Scaling Considerations (Post-POC)
Parallelism
- POC: 2 VMs at a time
- Scale: batch in groups of 10-20 VMs to manage cost and API rate limits
- Use Azure VMSS (Virtual Machine Scale Sets) for easier provisioning at scale
Cost Control
- Auto-destroy VMs after 24 hours regardless of status
- Estimated per-project cost: ~$2-5 Azure compute + $5-20 Anthropic API = $7-25/project
- At 1000 projects: $7k-25k total
Project Discovery Automation
- GitHub API search + filtering pipeline
- Sumble API for company enrichment (as in existing outbound program)
- Apollo API for contact discovery (as in existing outbound program)
- Auto-populate projects.json with enriched data
Results Quality Gate
- Auto-skip email generation if <3 optimizations found
- Auto-skip if no optimization exceeds 1.5x speedup (not impressive enough)

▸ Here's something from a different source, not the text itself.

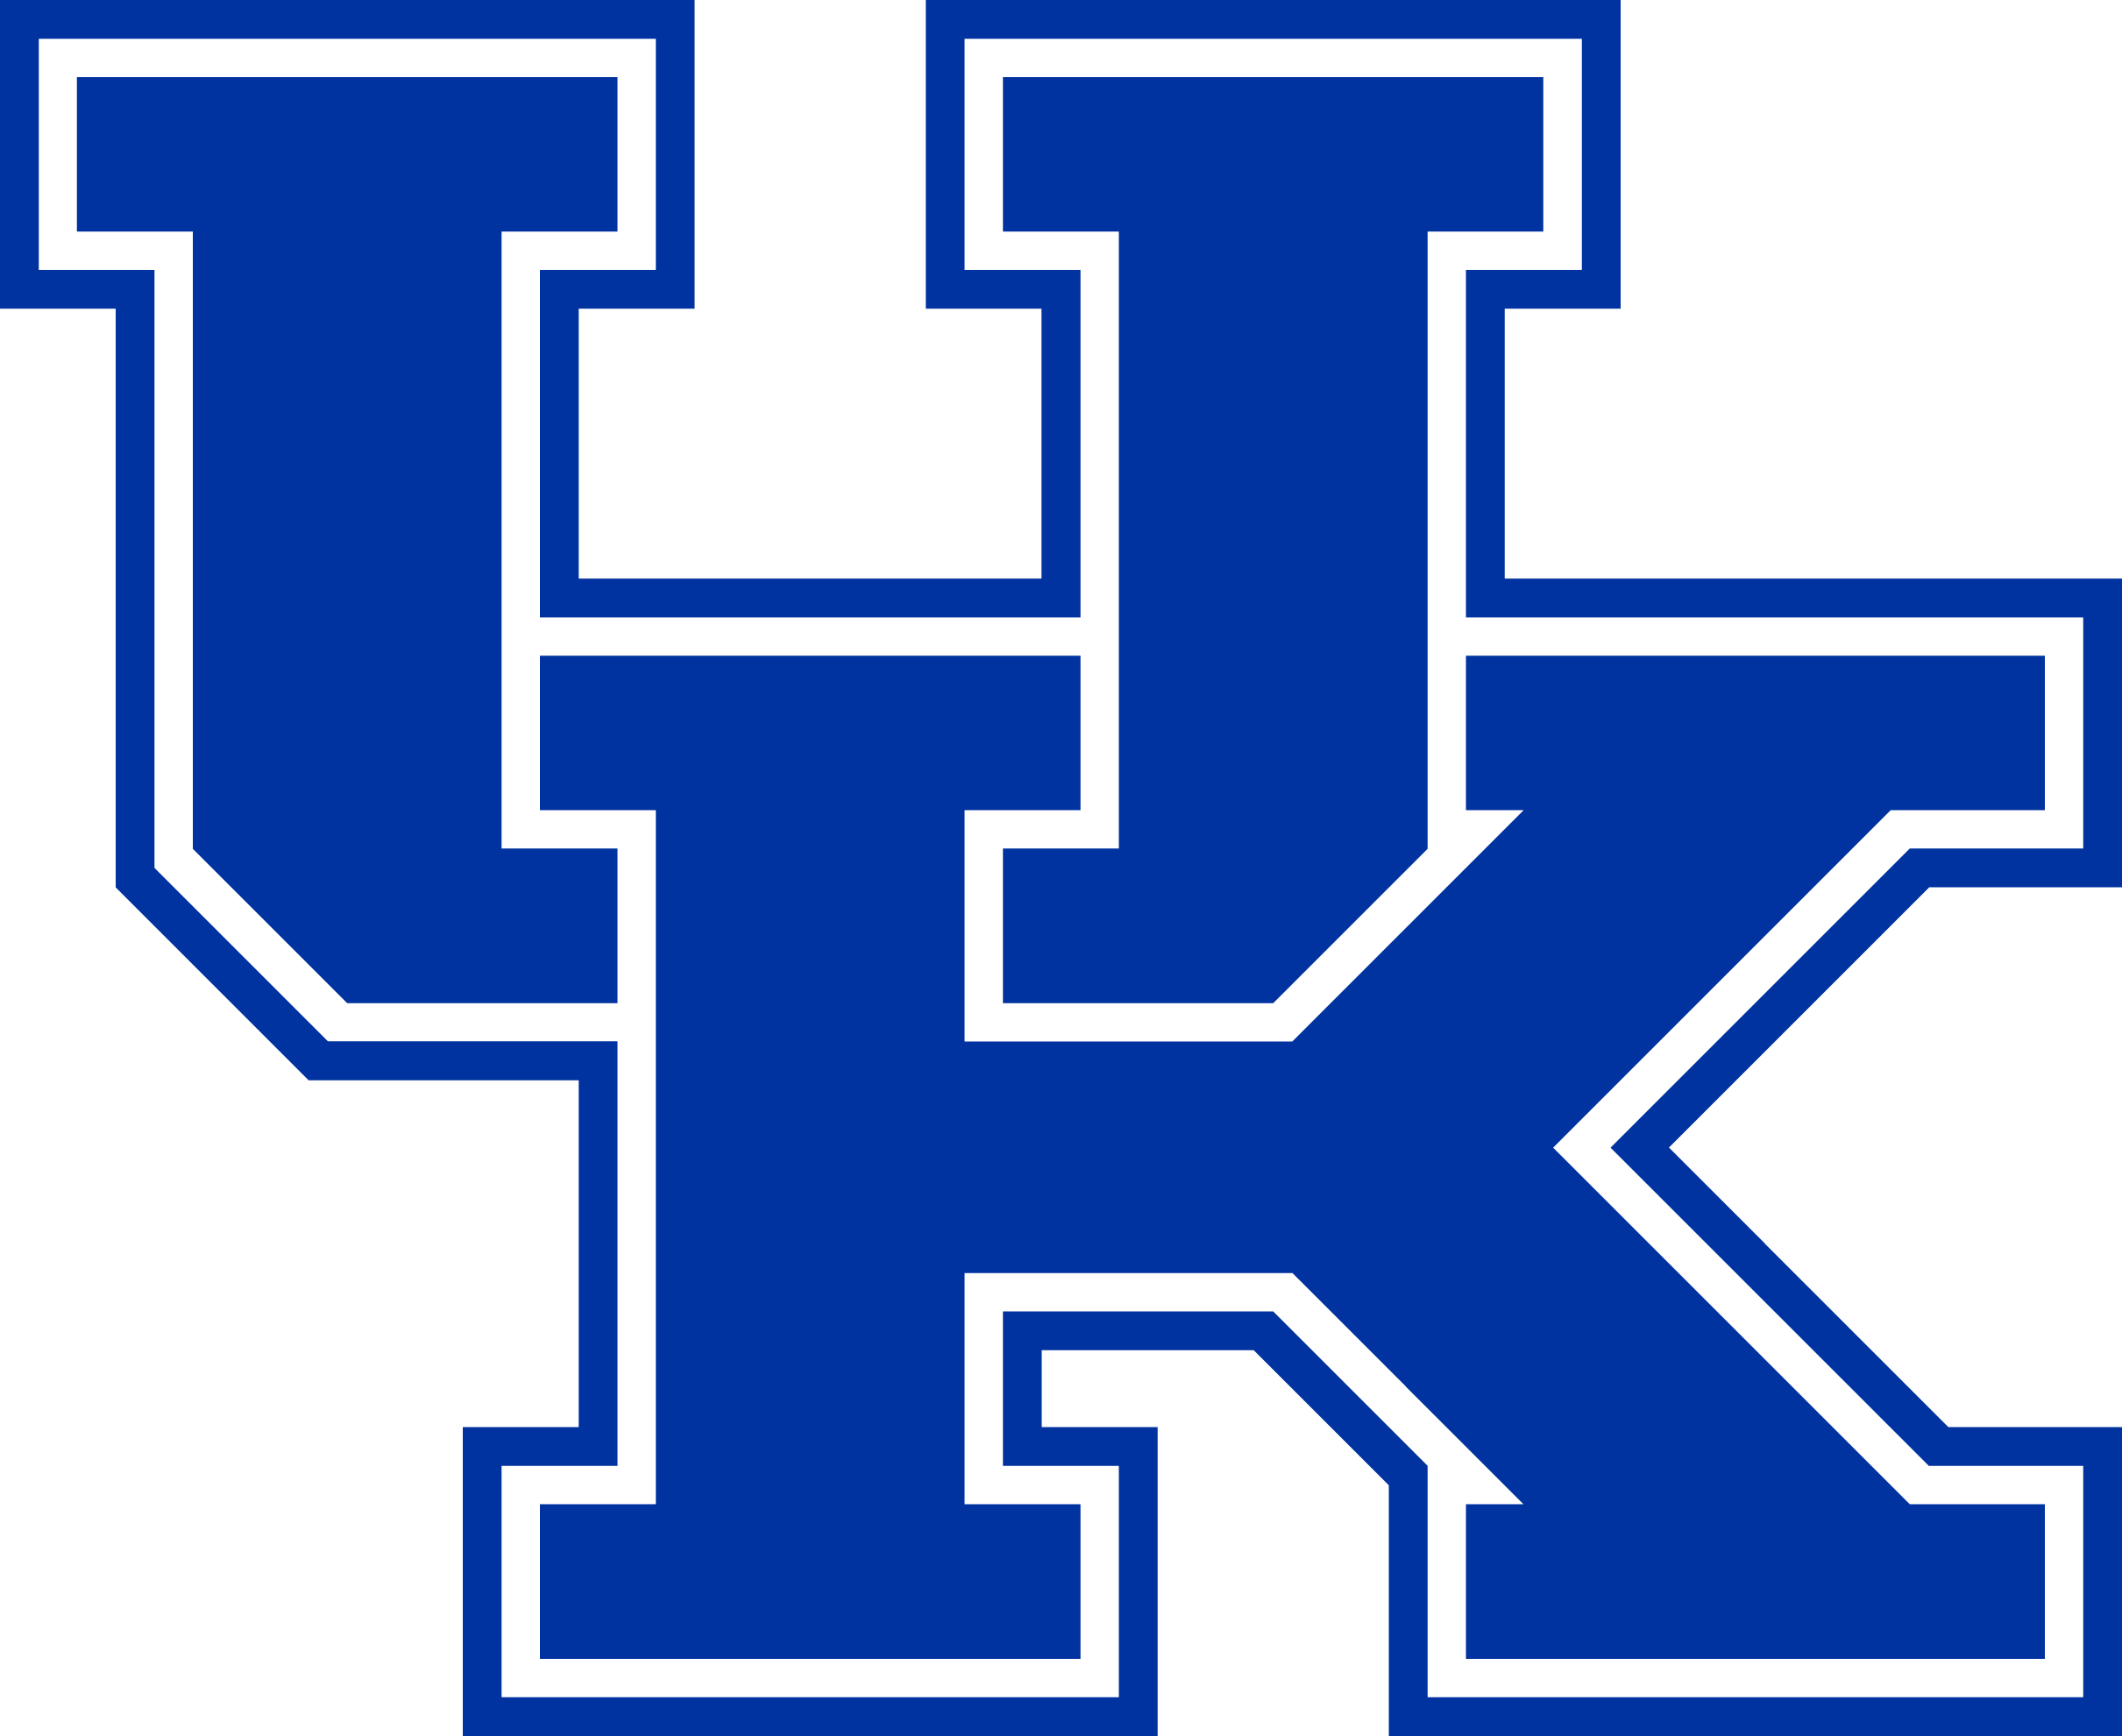 Uk basketball clipart graphic free stock UK Logo – University of Kentucky   Logos   Pinterest   Logos and ... graphic free stock

- Flag projects where Claude failed for manual investigation
Email Pipeline Integration
- Instead of manual send, integrate with Apollo sequences
- Auto-create drafts in Apollo, linked to the contact list
- Still require manual approval before sending
File Inventory
| File | Purpose |
|---|---|
program.md |
This document -- the full program specification |
plan.md |
Original high-level plan (kept for reference) |
orchestrator.py |
Main orchestrator script |
optimization.md |
Template injected as CLAUDE.md on each VM |
bootstrap.sh |
VM setup script (copied to VM and executed) |
projects.json |
Project list with metadata and contacts |
universe_optimize.db |
SQLite state database |
email_templates/*.md |
Email templates with placeholders |
results/<id>/ |
Per-project results directory |
Open Questions
- API key management: How to securely inject the Anthropic API key onto VMs? Options: Azure Key Vault, environment variable via SSH, or baked into VM image. -> Env vars via SSH
- GitHub auth on VMs: Need a GitHub PAT or deploy key on each VM for cloning and pushing. Use a dedicated bot account? -> PAT
- Claude Code model: Use Opus for maximum quality, or Sonnet for cost savings? POC should use Opus; scale run could use Sonnet with Opus fallback for stuck sessions.
- Java/JS optimization: The codeflash-agent plugin is Python-focused today. For Java/JS projects, Claude will need to optimize without the plugin -- just using its own profiling/optimization knowledge. This may produce lower quality results. Should we restrict POC to Python only? Lets restrict POC to python
- Rate limits: Anthropic API rate limits at scale. May need multiple API keys or request a rate limit increase.